* **Directions**: A word-for-word copy of the listing is what's needed; leave out every image.

* **Given data**:
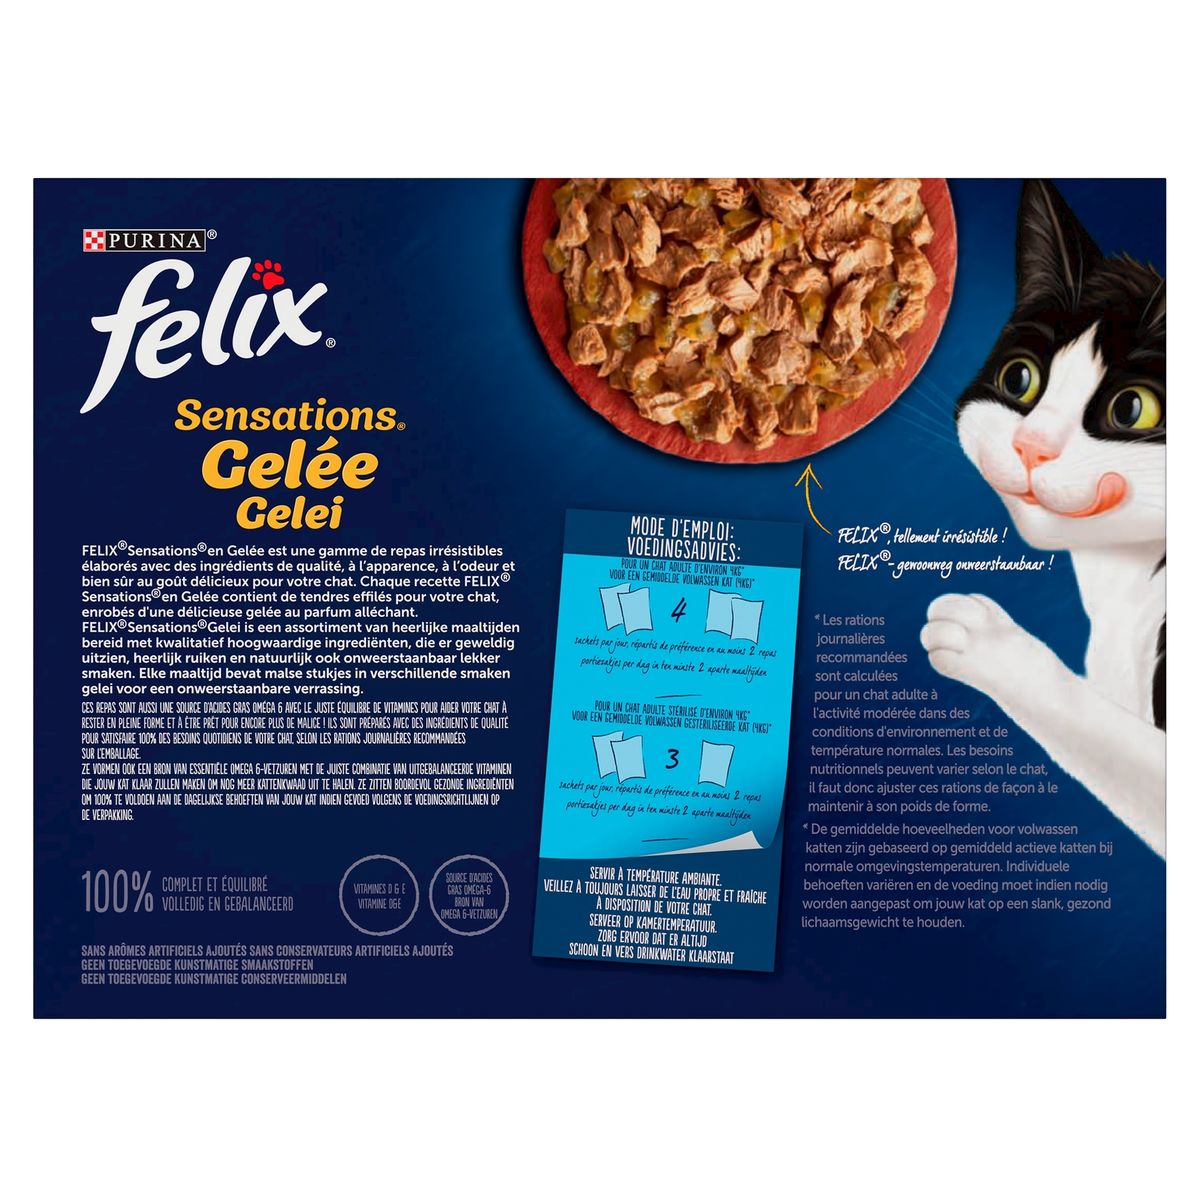 Felix Cat Sensations Countryside Selectie in Gelei (12 x 85 g) x 12
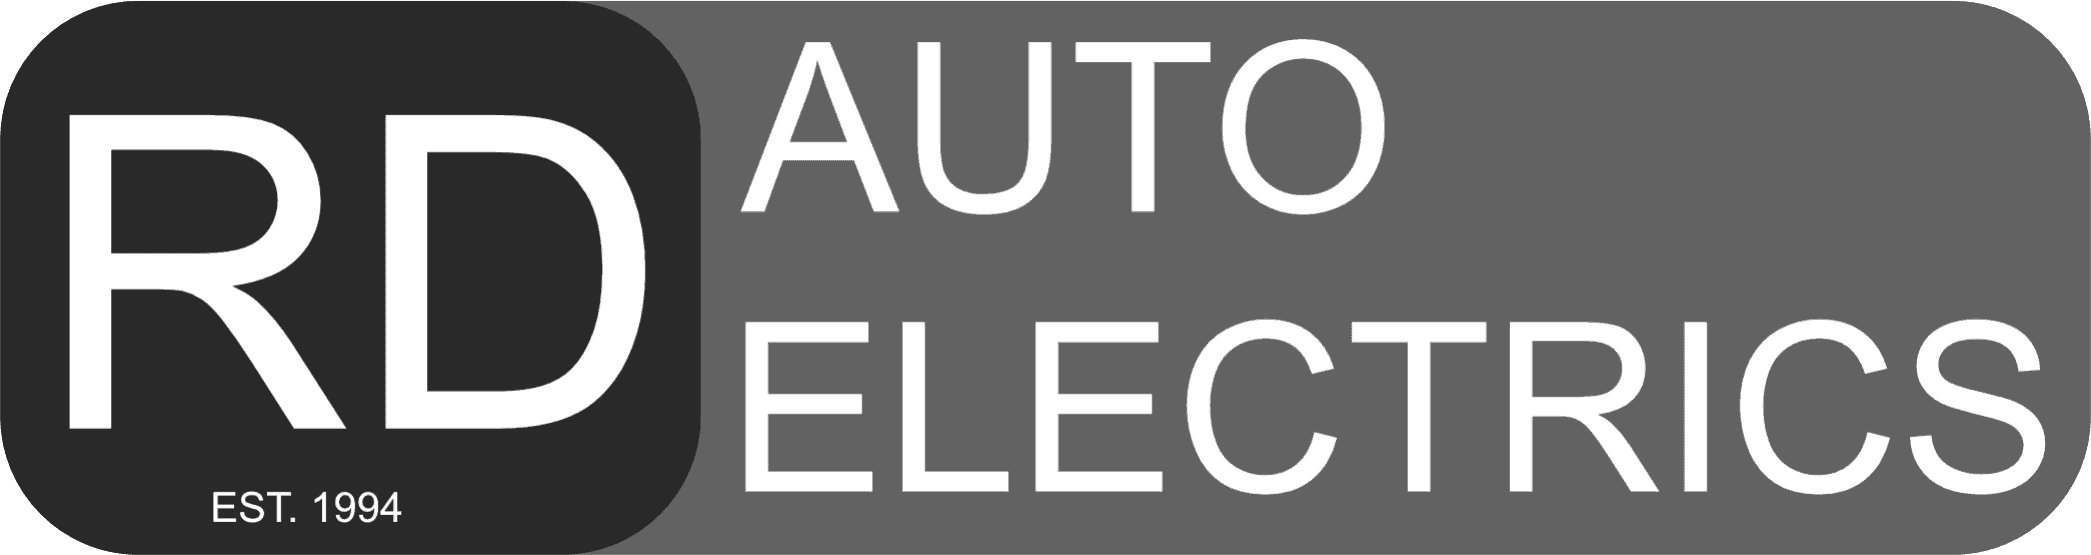 RD Auto Electrics Logo
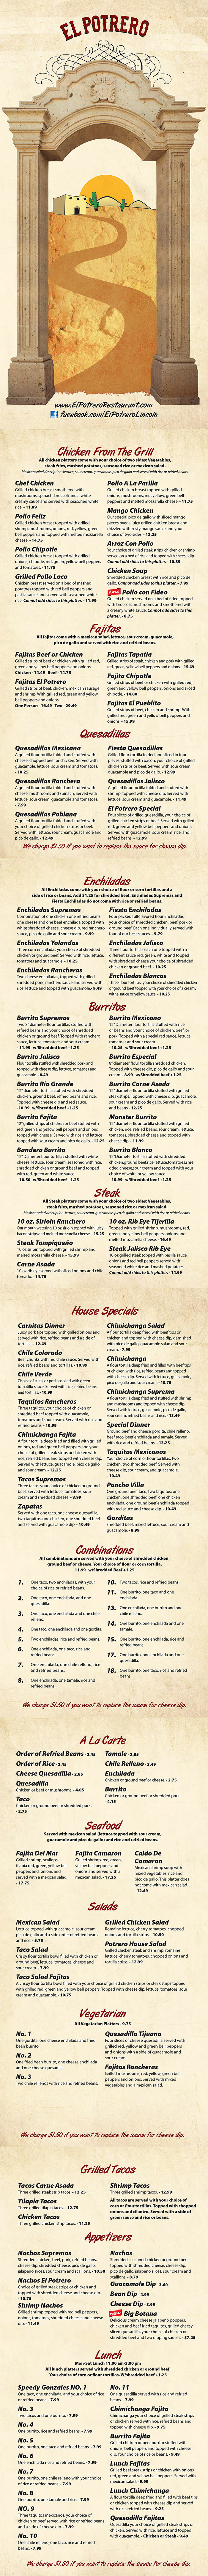 El Potrero Mexican Restaurant Menu Page 1

* **Response to this task**:
 Felix Cat Sensations Countryside Selectie in Gelei (12 x 85 g) x 12
 RD Auto Electrics Logo
 El Potrero Mexican Restaurant Menu Page 1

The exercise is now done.